Jason Holloway: Sure. No problem. Hey, Scott, how are you doing? So, as we stated on the call, we – we did – we did host this event and what we’ve been doing over the time that we’ve been working with K-12, we’ve gotten – we have a number of pilots that are active. We’ve gotten a lot of significant feedback from them in terms of how to make the deployment of our identity and access management solution a whole lot easier for them. So what we did is, we went into a development project and came out with soft search. So that this way we’re going more digital on the student side, so that – that way we’re not issuing a lot of the smart cards that have the – the chip that’s inserted. So they wanted more of a digital solution because they are handing out a lot of the Chrome, the Chrome workbooks and tablets and things like that.
So we did go in successfully develop that. And then the second thing we did is for the IT group and the teachers and all of the other staff members, they didn’t really want to have the smart cards plugged into the dongles that go into the side of their laptops. They wanted to be able to walk around freely and potentially jump from machine to machine. So what we’re doing now as part of the pilot program is we’ve gone to a Bluetooth reader in which you can insert that smart card credential what we call the PIV-I for them, and that gives them that capability of wirelessly connecting to these various machines. We’re using it in house at Y point successfully now, and that’s going well. And then – and then overall strategically what we’ve been doing is we are – we are positioning ourselves inside of K-12 to get more at the legislative level so that we can get – we can be a part of a bigger cyber security or security spending budget for these schools, so – and in order to do that we’ve been having to get the feedback from the K-12 schools, so that we can meet certain criteria so that we can be elevated and take advantage of again a lot of these state program to where we don’t have to go and deal with individual budgets of K-12 schools.
So hopefully this helps a little bit.
Scott Buck: That’s – that’s great color. I appreciate that. And then just last one from me. Jin, if you could kind of walk us through what your M&A criteria is, what are you looking for in a transaction?
Jin Kang: Well, we are looking for companies that are either horizontal and vertical integration opportunities, companies that – in terms of horizontal, we’re looking for companies that do the same thing that we do. Stable companies that do the same thing that we do and we can move them onto our delivery platform and we remove the redundancies to make the deal immediately accretive. We’re also looking for those companies that have specific intellectual properties or capabilities that’s going to deepen our capabilities and increase our depth of service. But, we are going to be concentrating more on organic growth and we’re not going to spend too much time looking around for these out of the blue M&A opportunities, because I think it’s critically important for us now that we are turning the corner here that we concentrate on organic growth.
But we’re not going to say no if somebody shows up with the right profile of a company that adds depth to our company or adds breadth of customers to our company as well. Just to allow – enhance what Jason had said about K-12, we do have several pilot programs going and we now have the capability for mass issuance to make the whole process of issuing digital certificates easier and more convenient.
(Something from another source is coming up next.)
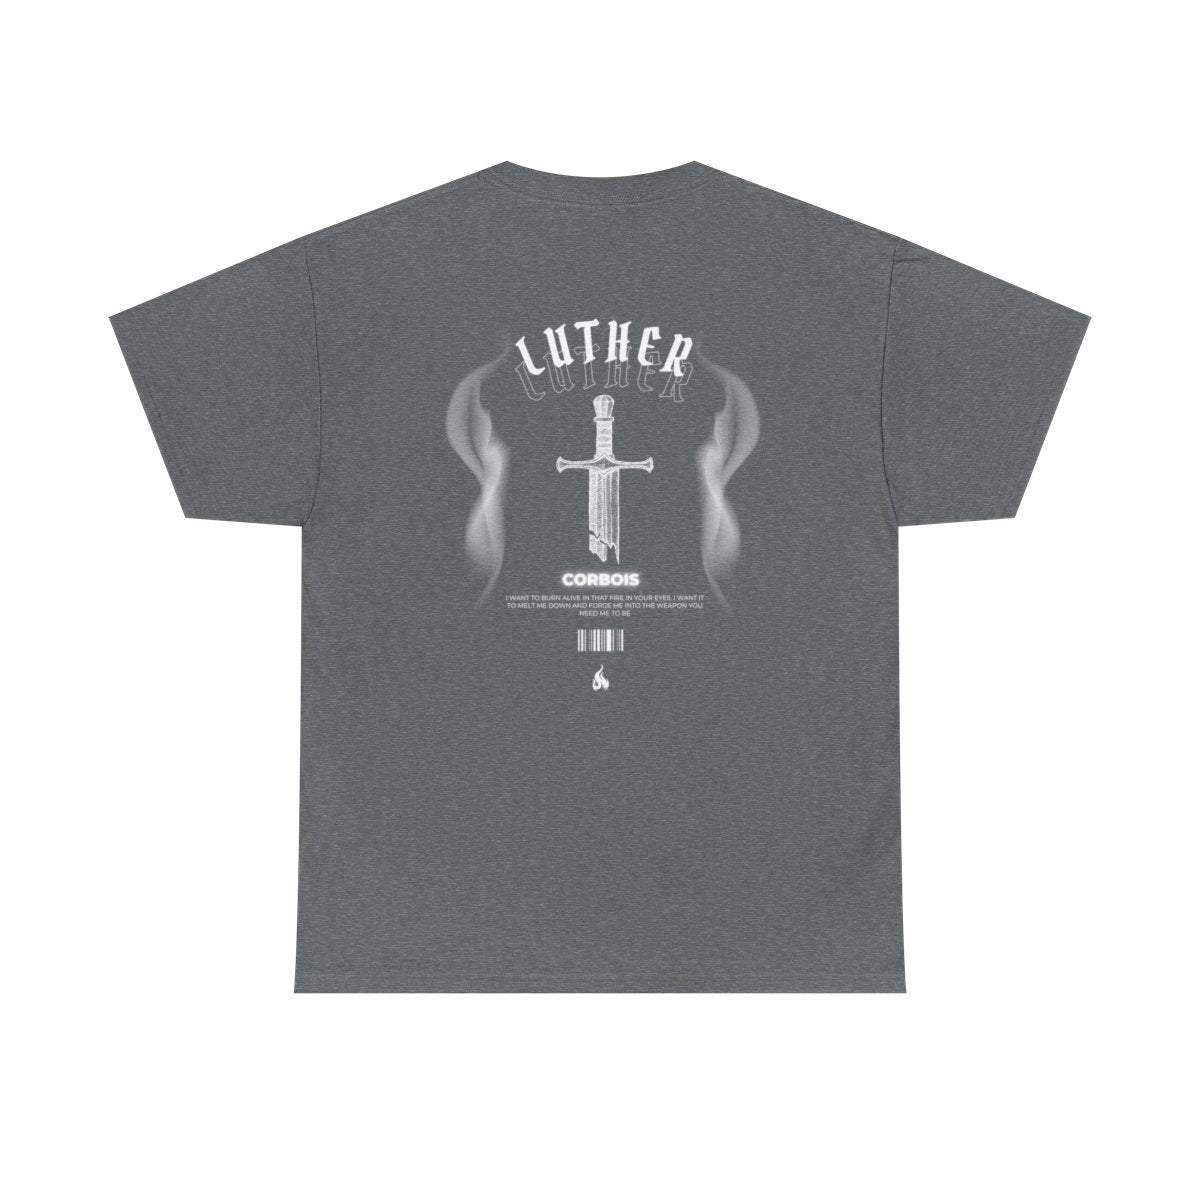 Luther Corbois T-Shirt

And he also talked – he already talked about the Bluetooth that’s going to make the form factor much more palatable for the K-12 community. And so we see a lot of good things happening there. We’ll be rolling out the Bluetooth capability here in the next week or so and we’ll see what kind of acceptance we get.
Scott Buck: Perfect. I appreciate the time guys. Thank you very much.
Jin Kang: Great. Thank you, Scott. I think we did receive an email question earlier. So, Bob, did you want to discuss that about gross margins.
Robert George: May need your help.
Jin Kang: Yes.
Robert George: Okay. The email question was during the call you noted that your gross margin percentage excluding carrier services revenues was 35% in the nine month period in 2022 and 34% in the nine months of 2023, what is driving the apparent margin compression? Good question. The recent gross margin excluding the carrier services is approximately 100 basis points lower in 2023 compared to the nine months in 2022, it’s a result of the increased noncash depreciation and amortization expenses in that period. The increase is a result of our investments in our delivered platforms being placed in the service during 2023 and the D&A and cost of sales for the nine months ended was $961,000 and $1.5 million in the nine months ended 2023.
This represents the entire difference in the 100 basis points of decreased margin. Including this item, cash margins are consistent from ’22 and are higher or – on higher revenues excluding care services. Also I’d like to highlight that we are have no debt other than long term leases, which are offset by right to use asset, as the accounting standards require. That’s all I have on that.
Jin Kang: Okay, great. Thank you. Operator, are there other questions?
Operator: There were no other questions at this time. This concludes our question and answer session. If your question was not taken, please contact WidePoint’s IR team at wyy@gateway-grp.com. I’d now like to turn the call back over to Mr. Jing Kang for his closing remarks.
Jin Kang: Thank you, operator. We appreciate everyone taking the time to join us today. As the operator mentioned if there were any questions that we did not address today, please contact our IR team. You can find their full contact information at the bottom of today’s earnings release. Thank you again and have a great evening.
Operator: Thank you for joining us today for WidePoint’s Third Quarter 2023 Conference Call. [Operator Closing Remarks].